The rise and fall of REN skincare
How to win when your market becomes ultra-competitive.
About a year ago, REN—once the brand leader in the clean beauty category—closed its doors. The company’s rise and fall provides an excellent case for clear and strategic thinking when the barriers to entry drop and your market becomes ultra-competitive. So, let’s take a deeper look.
1. The rise
REN was founded in 2000 by Robert Calcraft and Antony Buck to provide a solution to a problem that the market couldn’t remedy: Antony’s wife, who was pregnant, started having allergic reactions to her skincare products, which prompted Antony and Robert to explore the possibility of an irritant-free skincare range that actually worked.
The premise was simple: skincare that works, made from ingredients that aren’t bad for you. Clean skincare.
In a world where the average functional skincare product will contain anything from carcinogens to hormone disruptors, you can imagine what an easy sell this was. Especially because, at the time, the alternatives made from natural ingredients were mostly perceived as being a bit woo-woo.
What I really liked about REN was the simplicity of the proposition. “Ren” literally means “clean” in Swedish, and I remember one of the brand films Robert showed me about ten years later. Here it is:
A woman goes to swim in a beautiful, pristine lake somewhere in Sweden.
A man meets her in the lake.
They kiss.
They make love.
In full ecstasy, she dives backwards into the water.
Cut to the edge of the lake. They’re sitting together, blissful.
He asks “How do you feel?”
She replies “Ren.”
So far, so good. We have a brand that rests on a simple concept: “clean”. And we have a fun way for the brand to express how that concept feels. How do you feel? Ren. Even though it’s not an actual word in the English language, you kind of feel like it should be. In a previous essay, I’ve talked about words that turn the lights on in your head. Ren is definitely one of those.

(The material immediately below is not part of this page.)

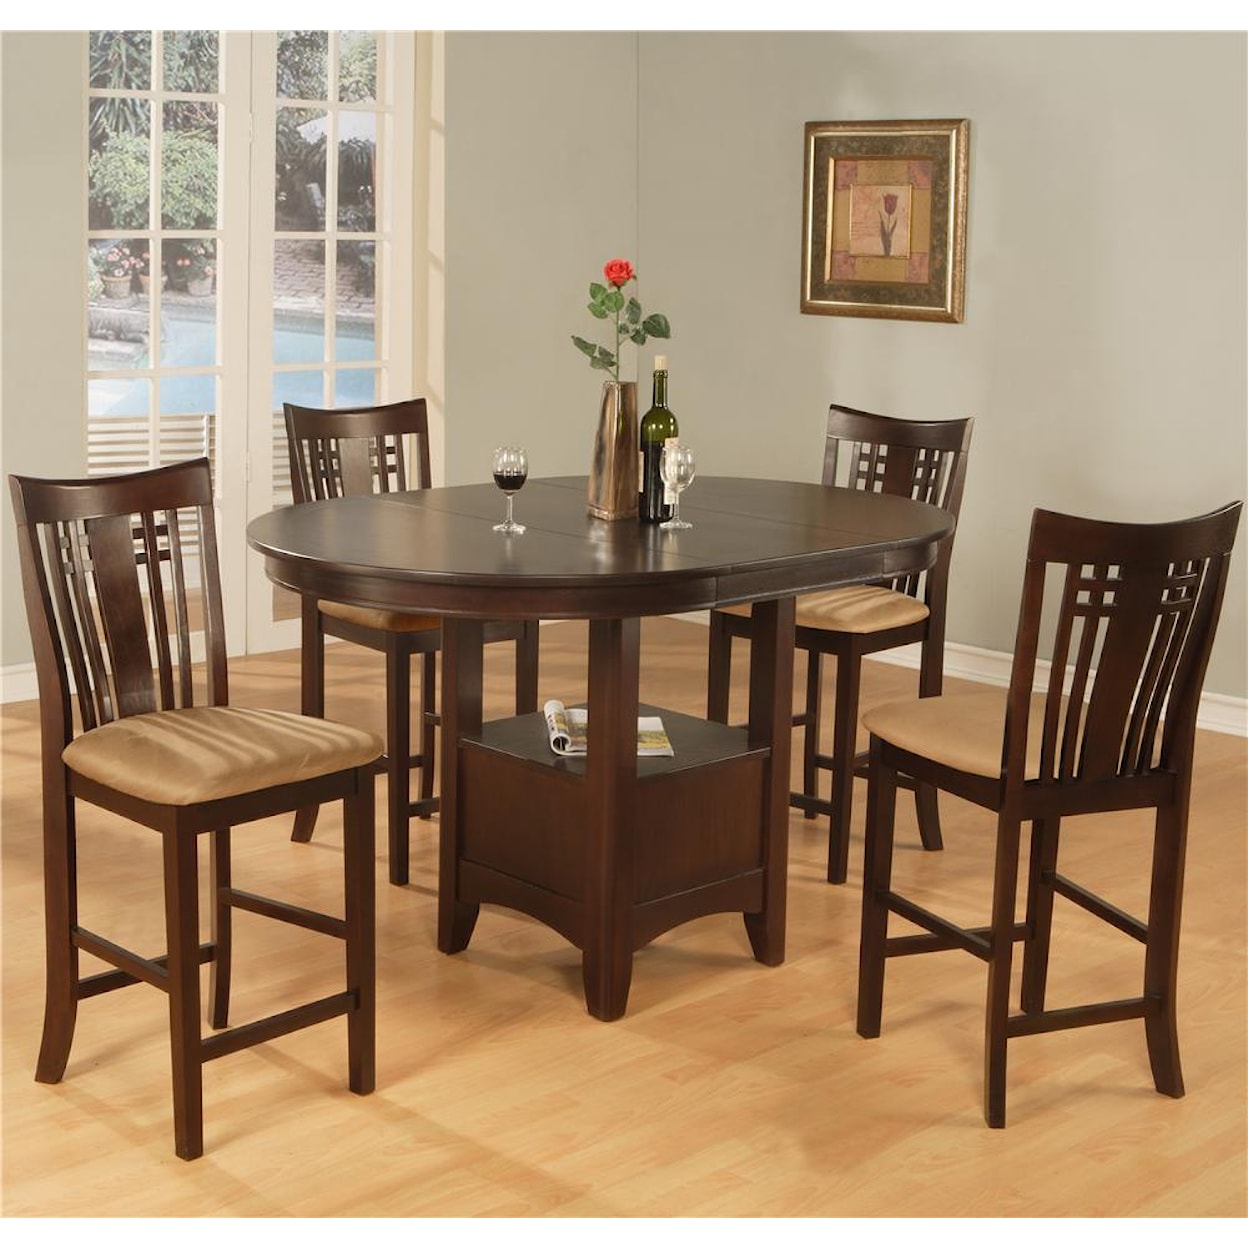 Primo International 956 Counter Dining Table and 4 Chairs

Robert talked at length about how he wanted REN to feel. The idea alone that a skincare and cosmetics brand could focus on being a vector for a distinct feeling—feeling ren—was, in my view, the most valuable part of the whole strategy. Because, ultimately, that’s the goal of a beauty brand, isn’t it? Make people feel like a slightly upgraded version of themselves.
2. The fall
I’m going to start this part with a quote from an article by Philippe Silberzahn, professor at EMLYON business school:
“Faced with uncertainty, many organisations need to reinvent themselves. And this is precisely where they risk losing their way. For when familiar landmarks disappear, the instinct is to seek out ready-made models: industry best practices, “professional” management, a purpose statement, ... The underlying mindset is one of conformity as survival strategy. Yet, by succumbing to conformity, a company gradually becomes a pale imitation of its competitors, often a poorer version. It loses its uniqueness at the very moment when it needs it most.”

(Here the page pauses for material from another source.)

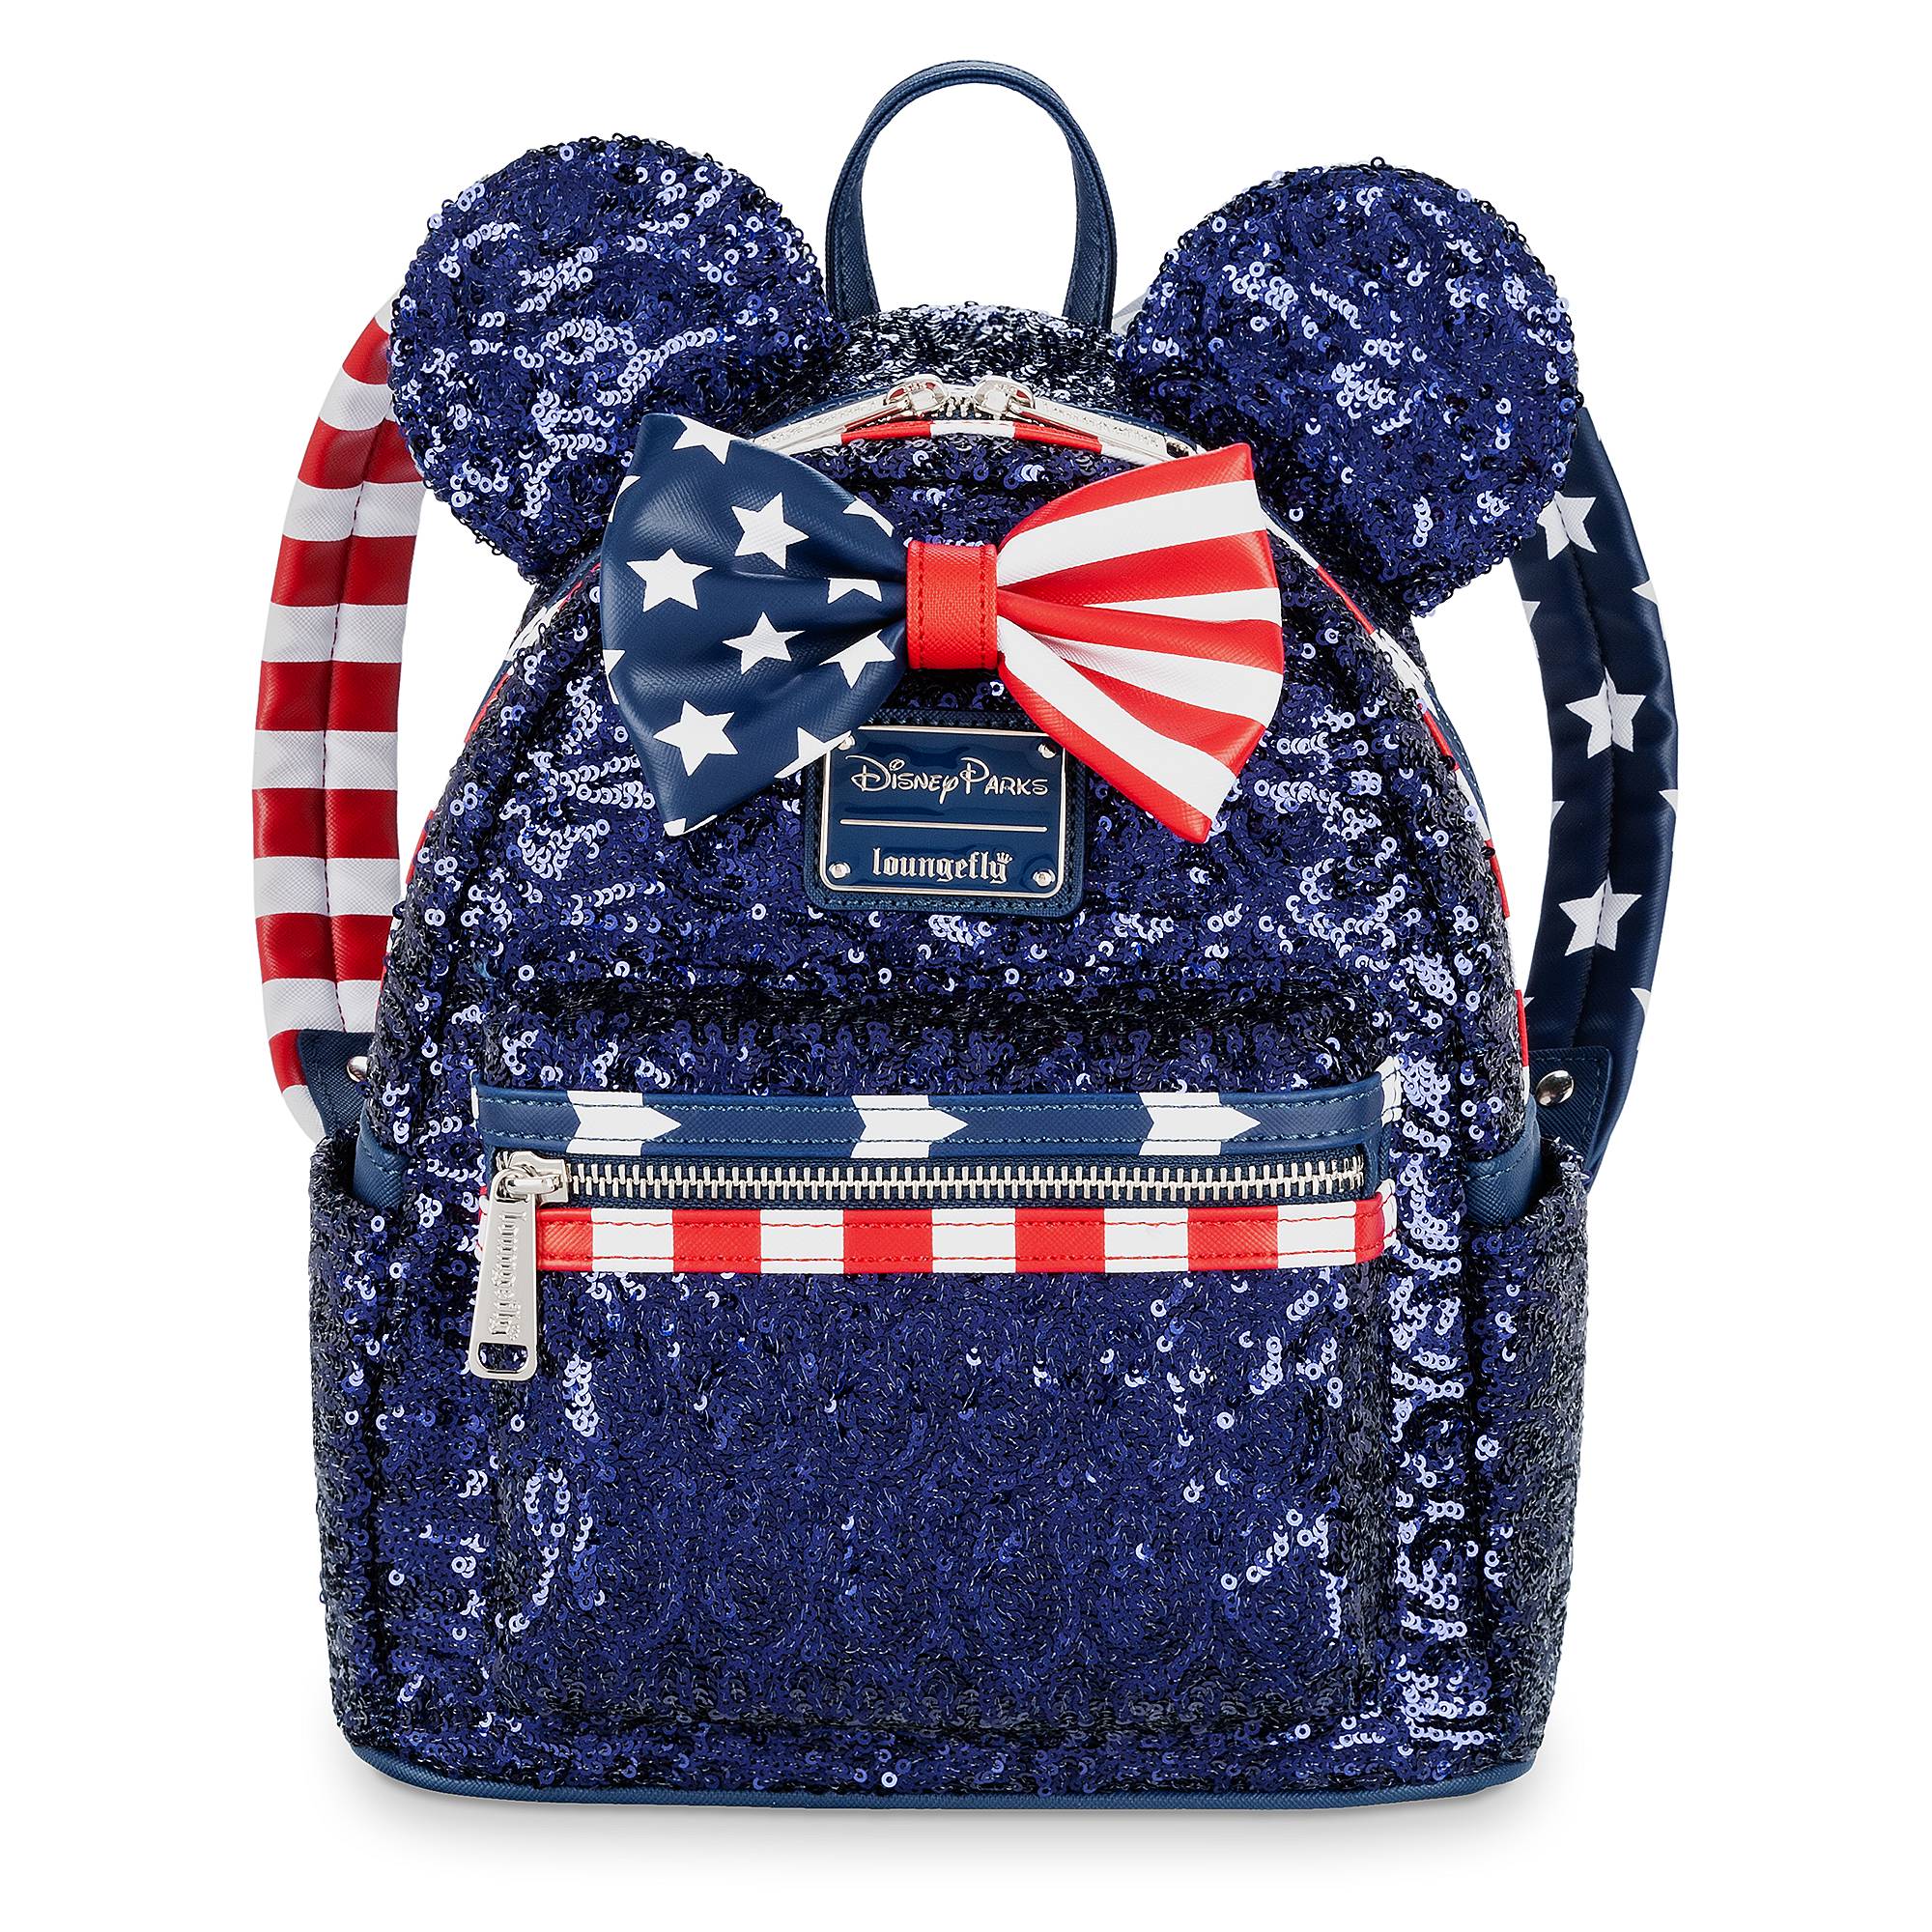 Disney Parks Minnie Mouse Sequined Stars And Stripes Mini Backpack New With Tag - image 1 of 3

REN was bought by Unilever in 2015, which pretty much coincides with the time we started to see some very rapid changes in the world of cosmetics and skincare. Chinese manufacturers made it easier for new brands to start-up, the barriers to entry fell, and the competition went up to 11. Purpose-led branding became a trend and multiple beauty brands started one-upping each other on an ever-changing set of virtues and purposes.
Unilever, surrounded by what seemed like unpredictable changes in the market, went into reactive, conformist mode. Having started with a strong conviction about REN, they quickly began to doubt the “clean skincare” proposition, believing it was somehow no longer enough to differentiate the brand.

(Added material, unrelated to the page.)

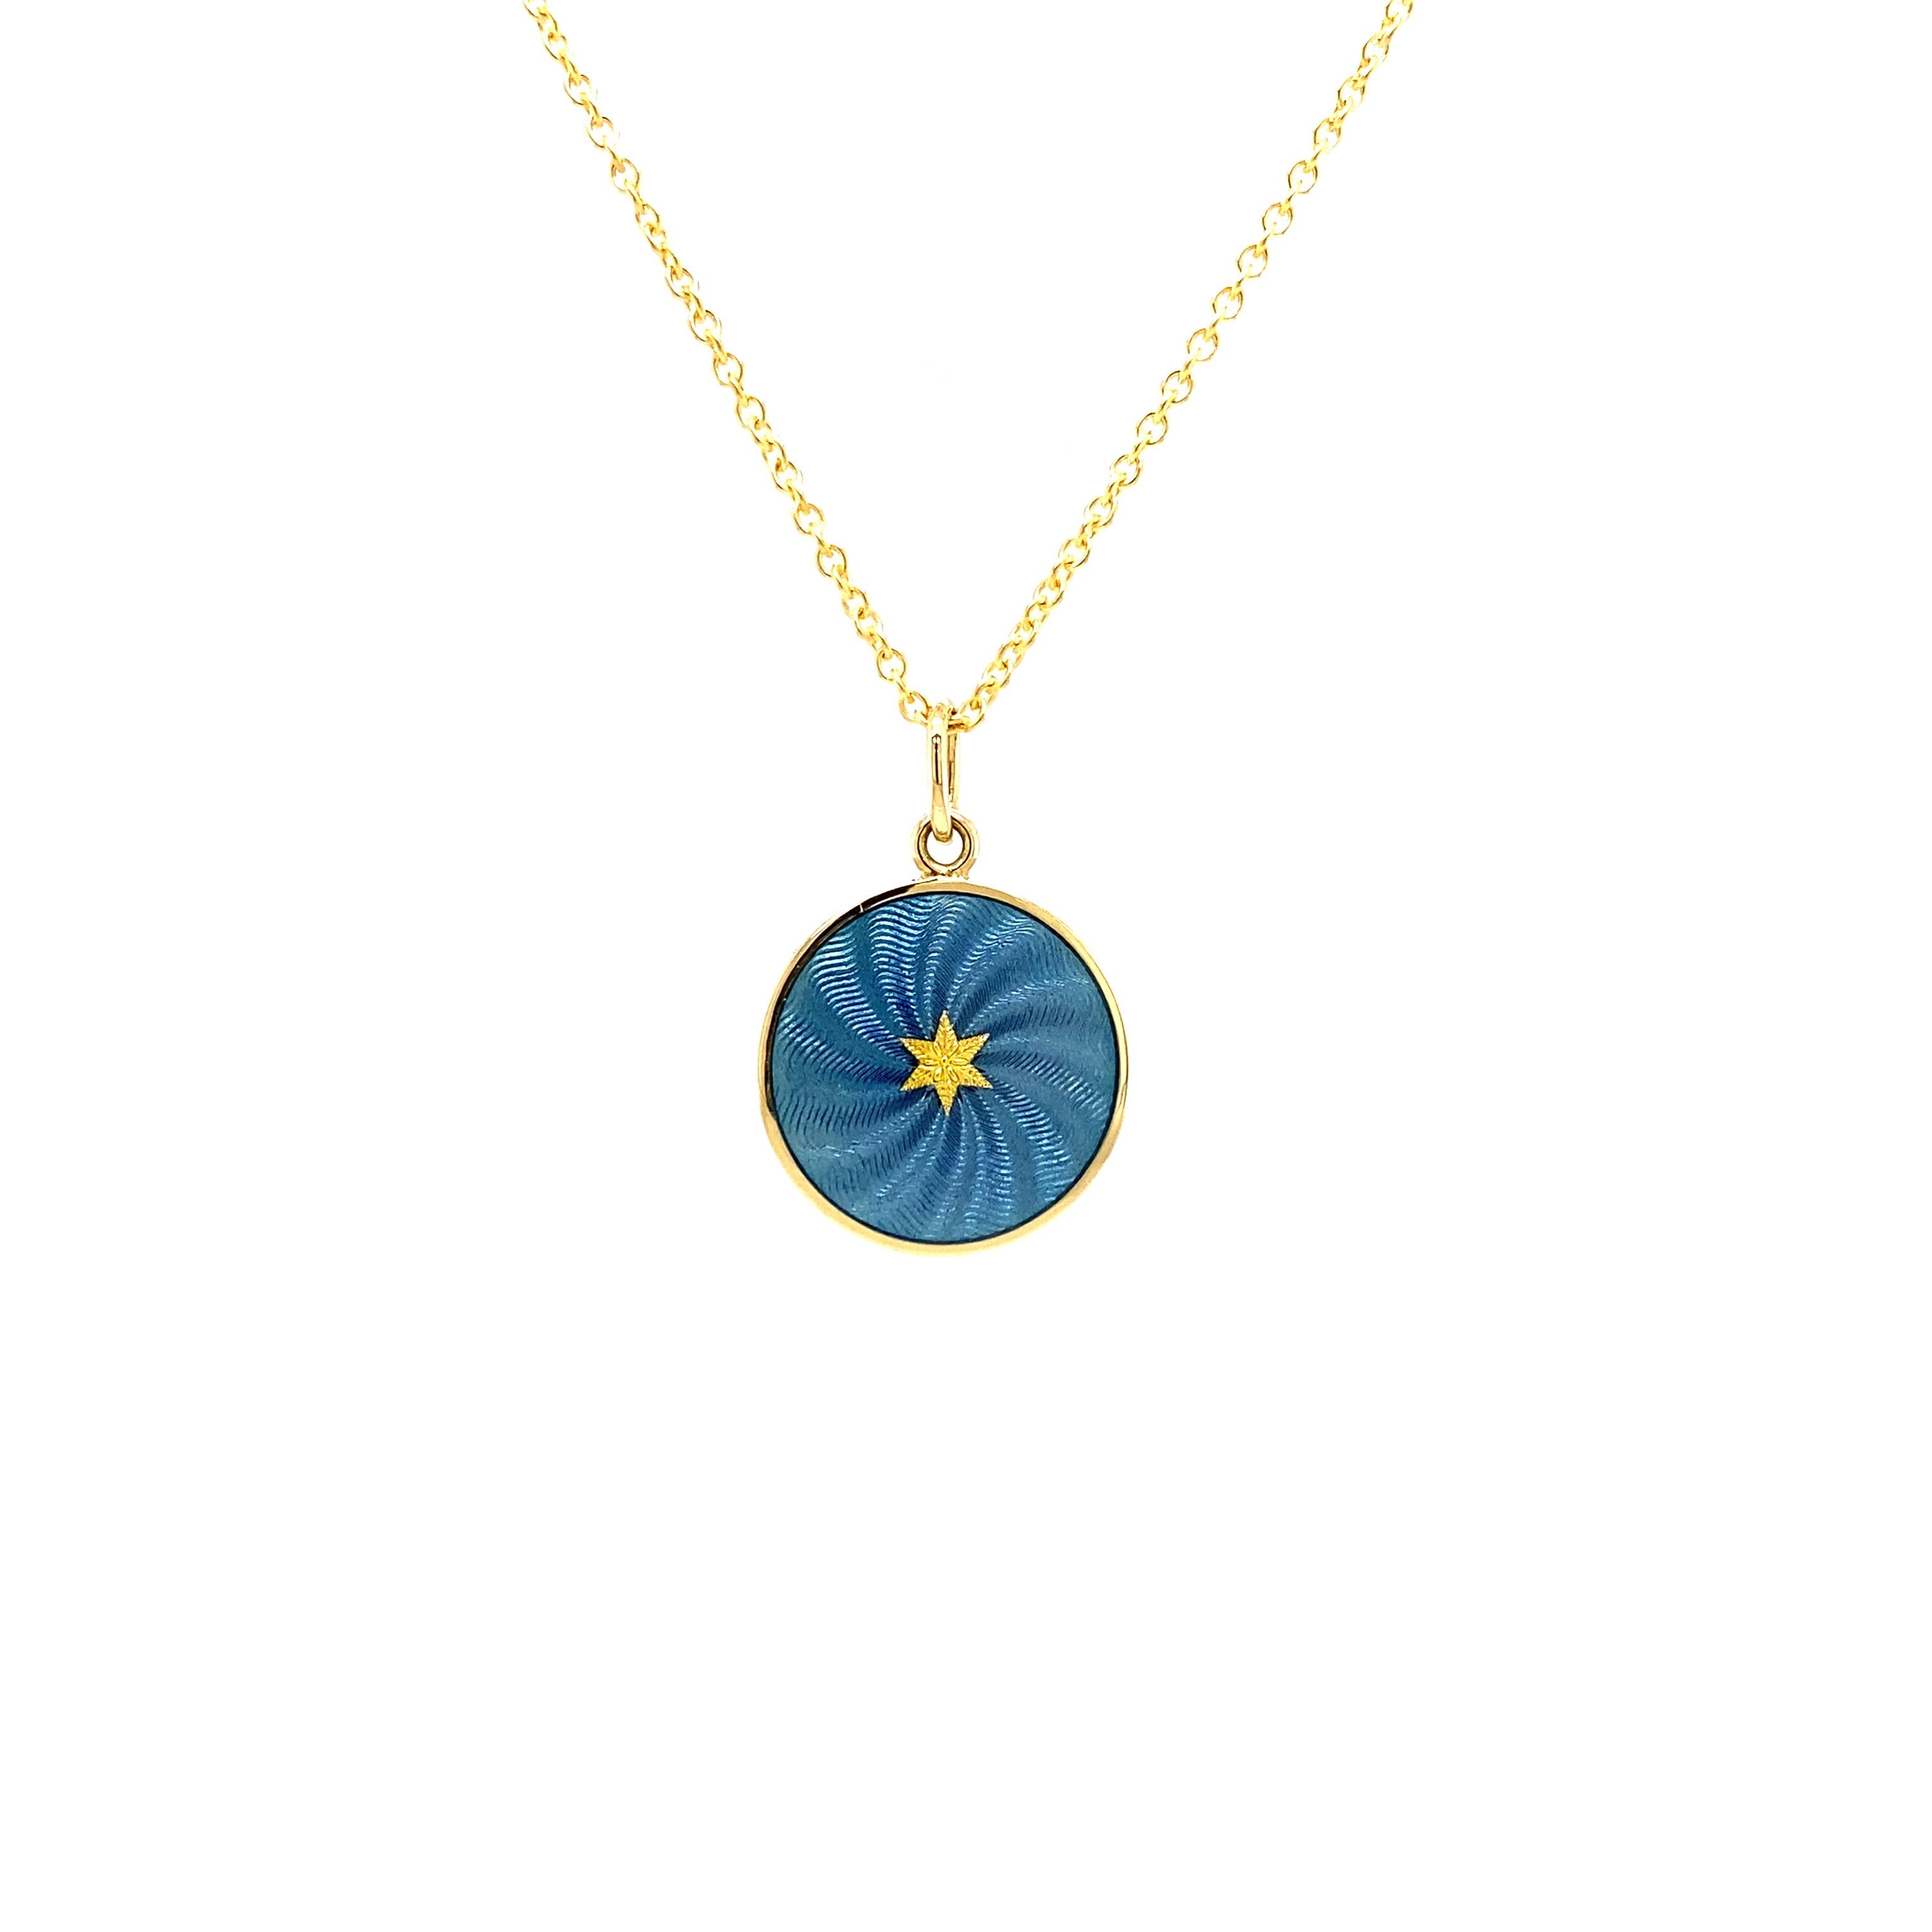 Victorian Round Disk Pendant 18k Yellow Gold - Blue Enamel Guilloche Paillons For Sale

As a result, they did what Professor Silberzahn described: dropping the strategy and communicating the same messages as everyone else, just to “keep up with the Joneses”.
The advertising and communications started to echo every new trend in the sector—eco, carbon neutral, fairtrade, inclusive, etc.—until the brand turned into an insipid soup of copycatted messages... The complete opposite of differentiation, and the complete opposite of the feeling of “ren” that had been cultivated for 15 years. Notice, in the advert below, the recurring word “we”: we are this, we are that. It’s all about “we” and no longer about you.
Year after year, we saw a loss in brand equity, which eventually resulted in the company closing its doors.
3. Post-mortem
Now, there are two points to pay attention to:
The first is about the mimetic nature of ultra-competitive markets: everyone pretty much copies everyone else and turns to clichés (a.k.a. intellectual commodities) in the hopes of pulling customers from their competitors.
The second is about how to win in such an environment. REN just followed what everyone else was doing; what should they have done instead?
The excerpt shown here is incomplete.